I'm certain the fact that the single vs dual being powered by a single wire plays no factor in charging rates. The single wire has enough capacity to far exceed the maximum amperage that any USB port could demand.

It's got to be the circuitry in the media ports themselves.

My phone running AA would take a decent charge on my daily drives to and from work. Now it only maintains it at best.

Works for me and I do have a power hungry phone.

Just a little disappointed on the charging downgrade.


----------



## JPinSTL (Jul 9, 2018)

For those who were wanting the dual USB option over the single using this GM # 13509942 I found an inexpensive source for $22 w/free shipping. Claims to be new pulled from 2016+ Camaro. I ordered one and will update when its in and working.
Chevy Camaro 2016+ center console USB & Aux port NEW


----------



## jdavis_15 (Sep 8, 2017)

Just throwing it out there - recently ordered part num 13581213 & received today. Swapping it out with the original was a breeze.

Android Auto, media on both USB thumb drives and SD cards, and 3.5mm jack all work fine. 

Apple Car Play did _not _work for me whatsoever, regardless of what I tried. Tested using both an iPhone X (iOS 12 Public Beta) and an iPhone 5c (iOS 10.3.3) - and to confirm, both worked completely fine with the original single port. 

Both devices will charge; notably the X is not recognized by the car at all whereas the 5c prompts the 'distracted driving' warning.

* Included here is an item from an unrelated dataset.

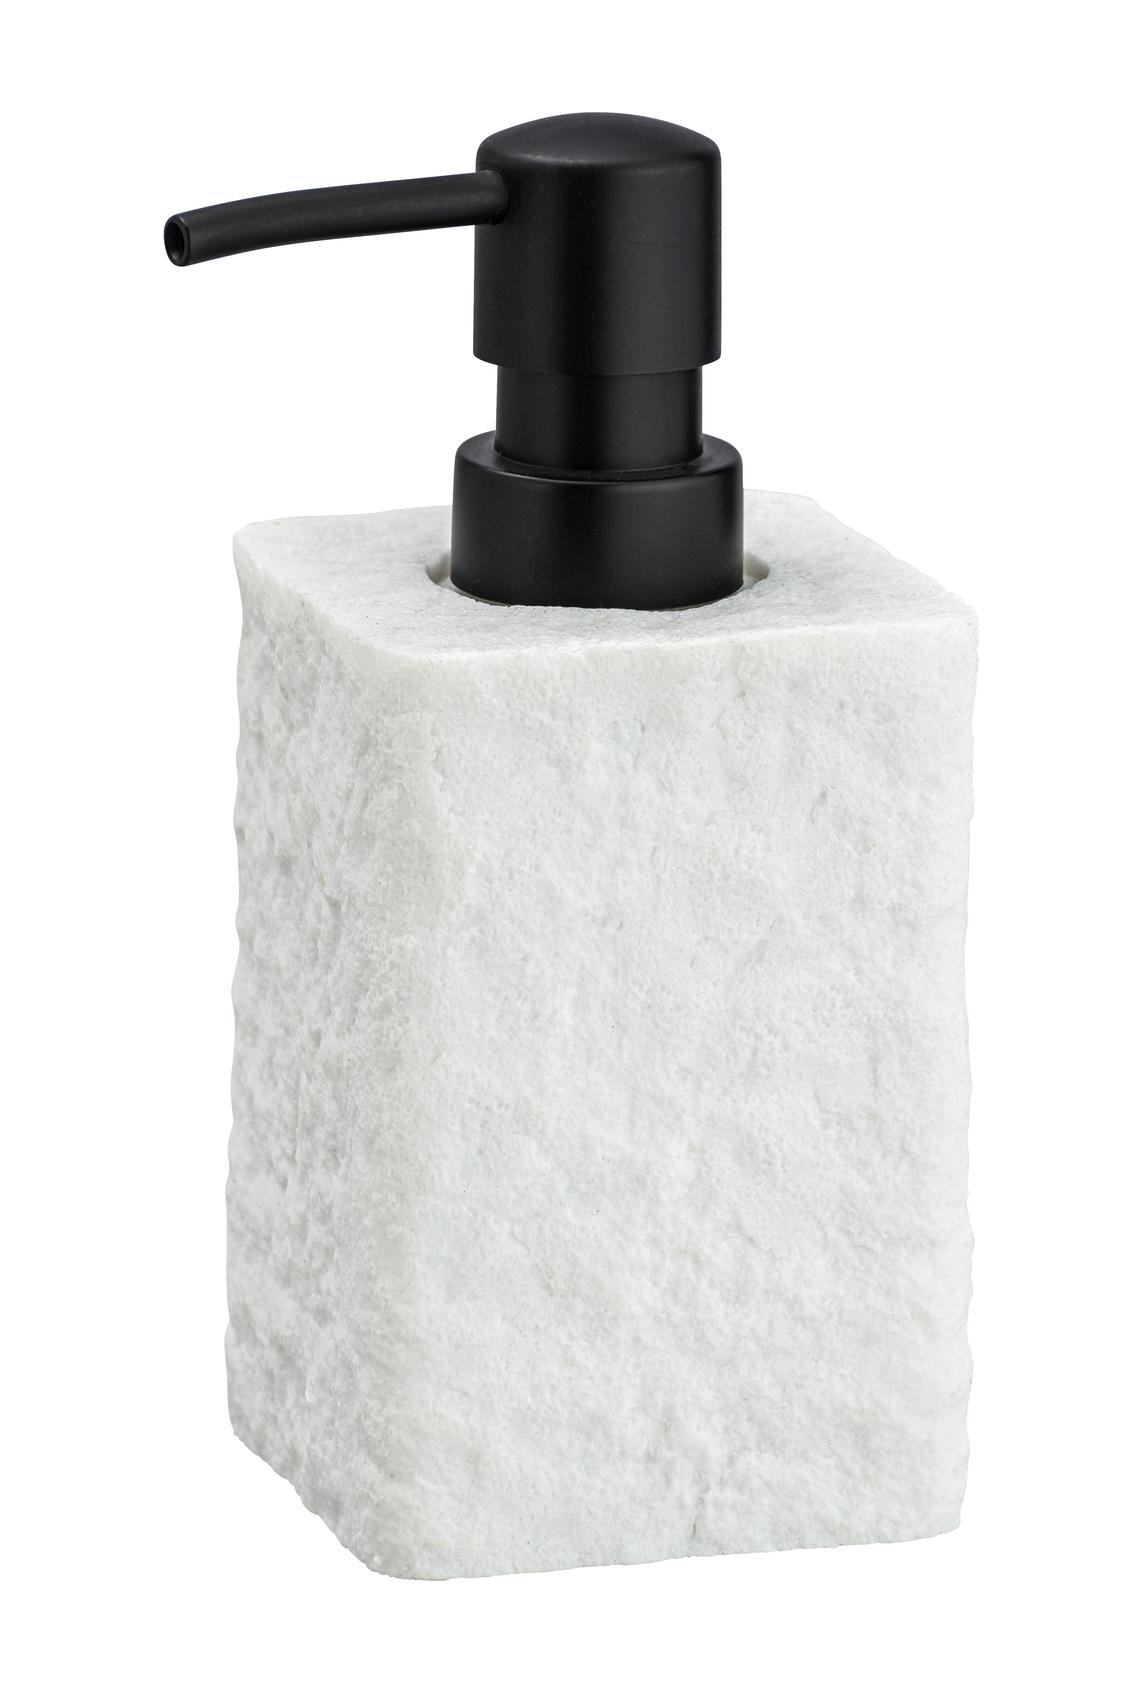 Dozator pentru sapun, din polirasina, Villata Alb, L7xl7xH15 cm imagine

After tapping Continue, it reports there are no supported devices attached. 

I also noticed a faint but audible squeal/whine from the part I just installed. Swapped the original back and confirmed it _does not _make this noise. 

I'm not sure if I got a defective unit or what, but would be ideal if both worked as expected. 

Ideas? throw em my way.

Edit - realized I forgot specs. 
2017 Hatchback w/ 8in Bose system.


----------



## froyofanatic (Jul 16, 2018)

This is a great find, thank you for sharing.


----------



## firehawk618 (Feb 24, 2013)

I am going to continue to look for options or go back to my stock one. My phone is a power hog with the display on at all times and a coupe apps running as I drive.

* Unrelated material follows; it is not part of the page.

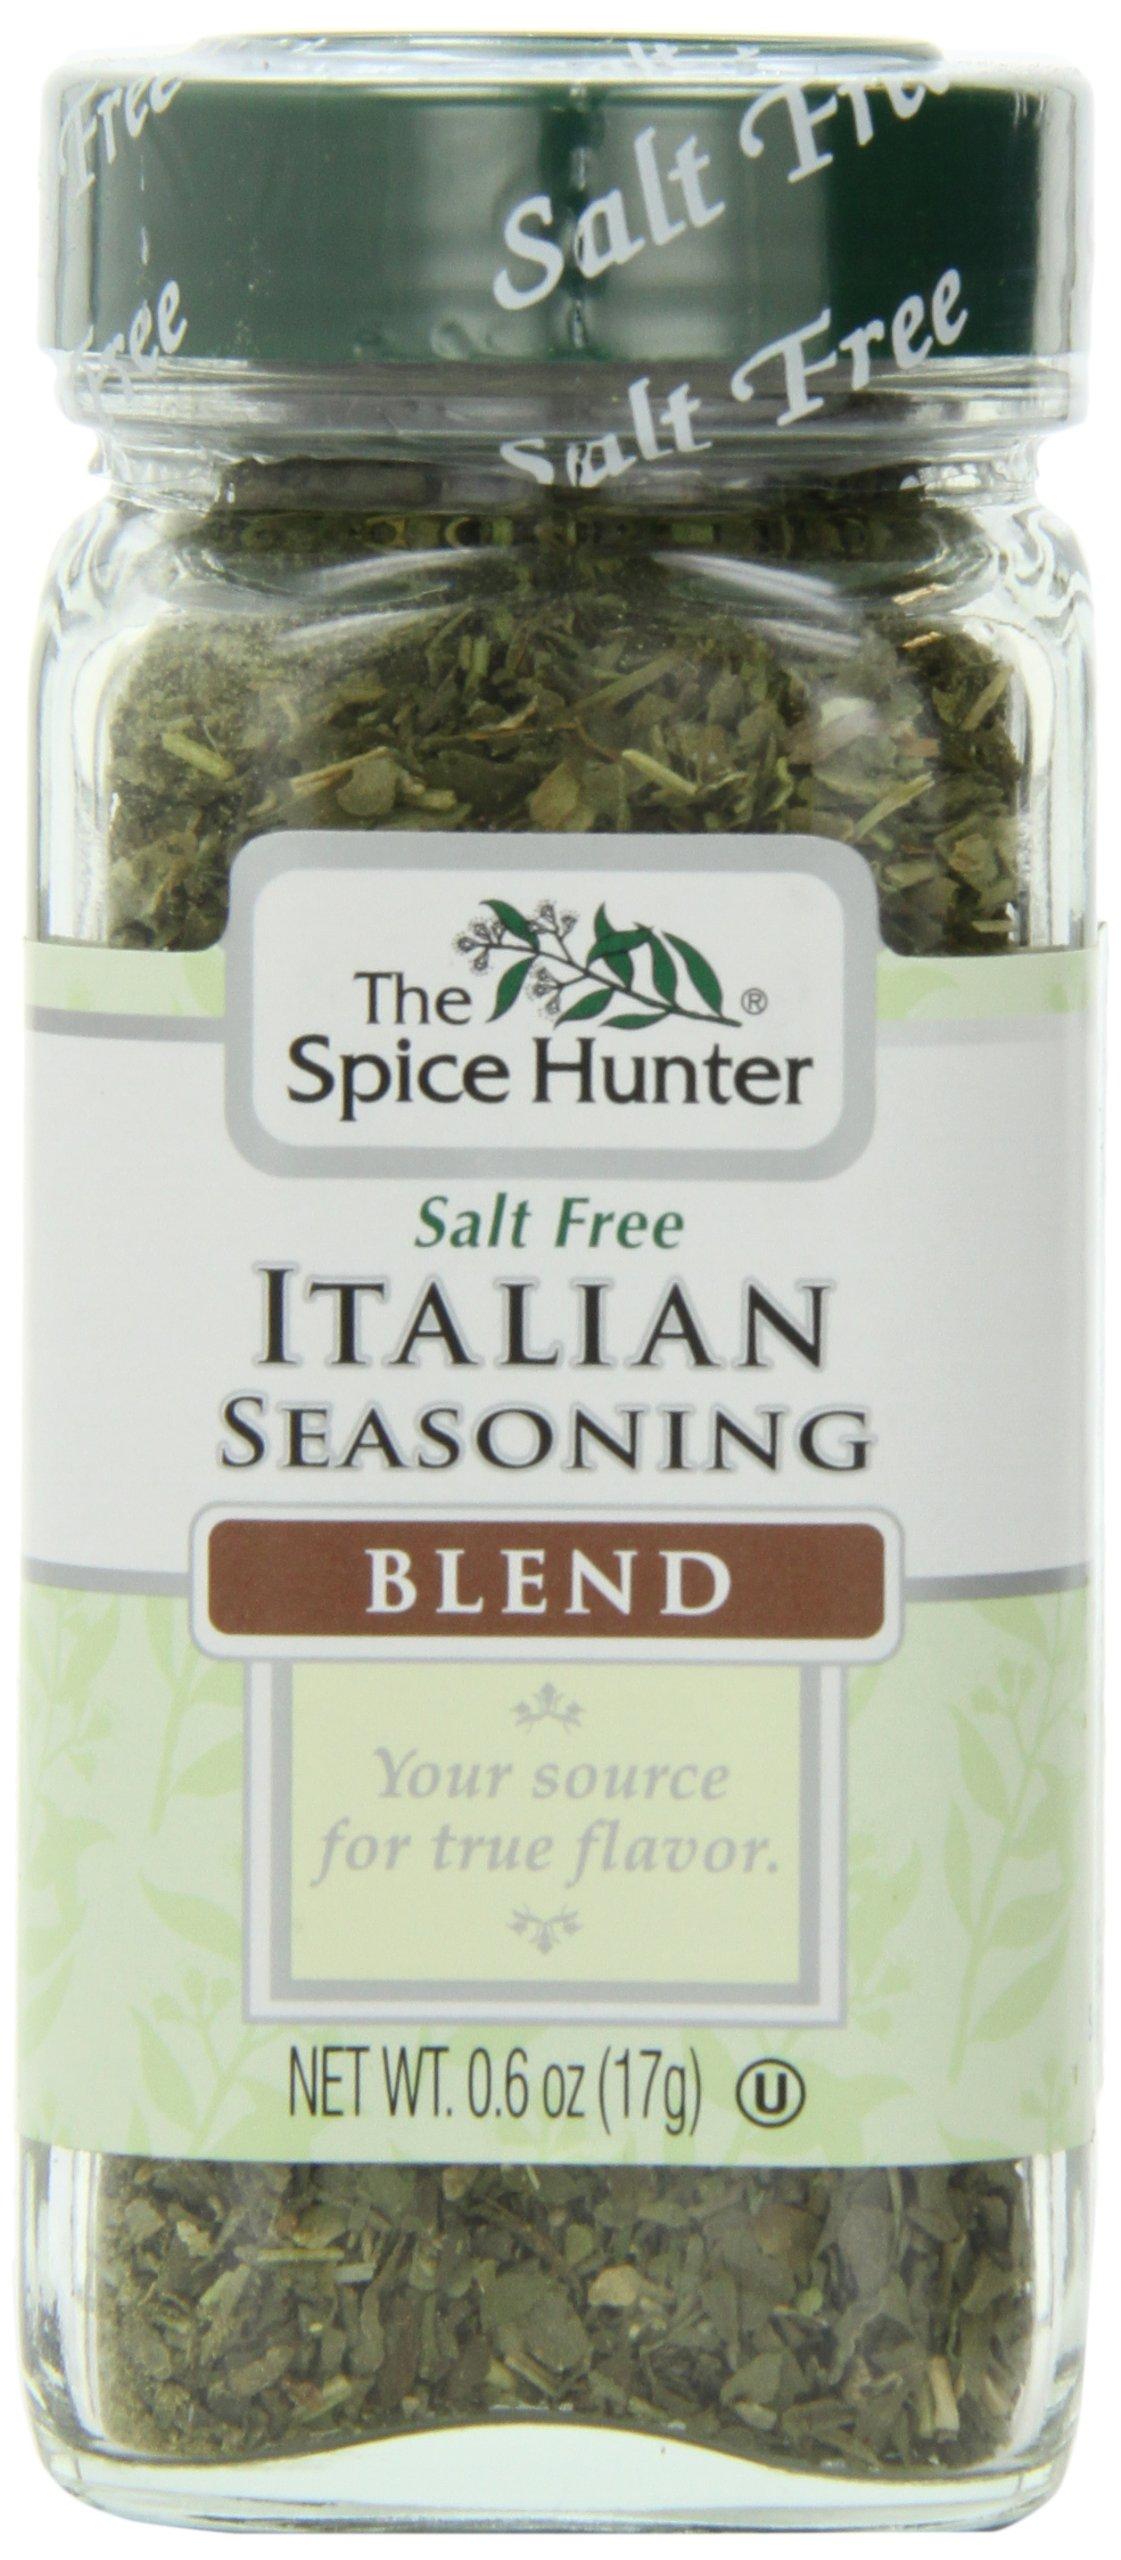 The Spice Hunter Italian Seasoning Blend, 0.6-Ounce Jar

It barely maintains the charge and does not add to the total battery charge with all that stuff going. The old one would actually do all that plus charge the phone.

I hate to lose it but I need my phone to charge.

I will post it in the classifieds and will ask only what I paid for it.

It's 2 usb, aux + sd like a few posts before this one. From a 2017 Corvette.


----------



## Timberfly (Jul 22, 2018)

I tried the receptacles from both a 2018 Equinox and a 2018 Malibu in my '18 Cruze. They were both dual USB with aux, different part numbers. Both work perfectly. My radio is the 8" MyLink with the Bose system. I don't have the part numbers, but the Malibu one cost me $145CAD from the dealer.


----------



## nightfallgrey2018 (Nov 15, 2017)

firehawk618 said:


> I'm certain the fact that the single vs dual being powered by a single wire plays no factor in charging rates. The single wire has enough capacity to far exceed the maximum amperage that any USB port could demand.
> 
> It's got to be the circuitry in the media ports themselves.
> 
> ...


I'm curious. What kind of phone you have so I don't end up buying the same since I am considering changing phone in the very near future. Mine in an LG G4 and it work fine and charging fine with this dual USB setup but you know, I would like an upgrade but I wouldn't want to get a power hungry phone.


----------



## firehawk618 (Feb 24, 2013)

nightfallgrey2018 said:


> I'm curious. What kind of phone you have so I don't end up buying the same since I am considering changing phone in the very near future. Mine in an LG G4 and it work fine and charging fine with this dual USB setup but you know, I would like an upgrade but I wouldn't want to get a power hungry phone.


Note 8.

I am going to sacrifice a USB cable and use a meter to see exactly which of the 3 I have will output the most current.

I'll document it and post it here when I do.

I have 3 different styles now. Stock single USB + aux in. Dual USB + aux in + SD card. Dual USB + aux in.


----------



## firehawk618 (Feb 24, 2013)

FYI the HMI on my car has two USB inputs on it with only one being used.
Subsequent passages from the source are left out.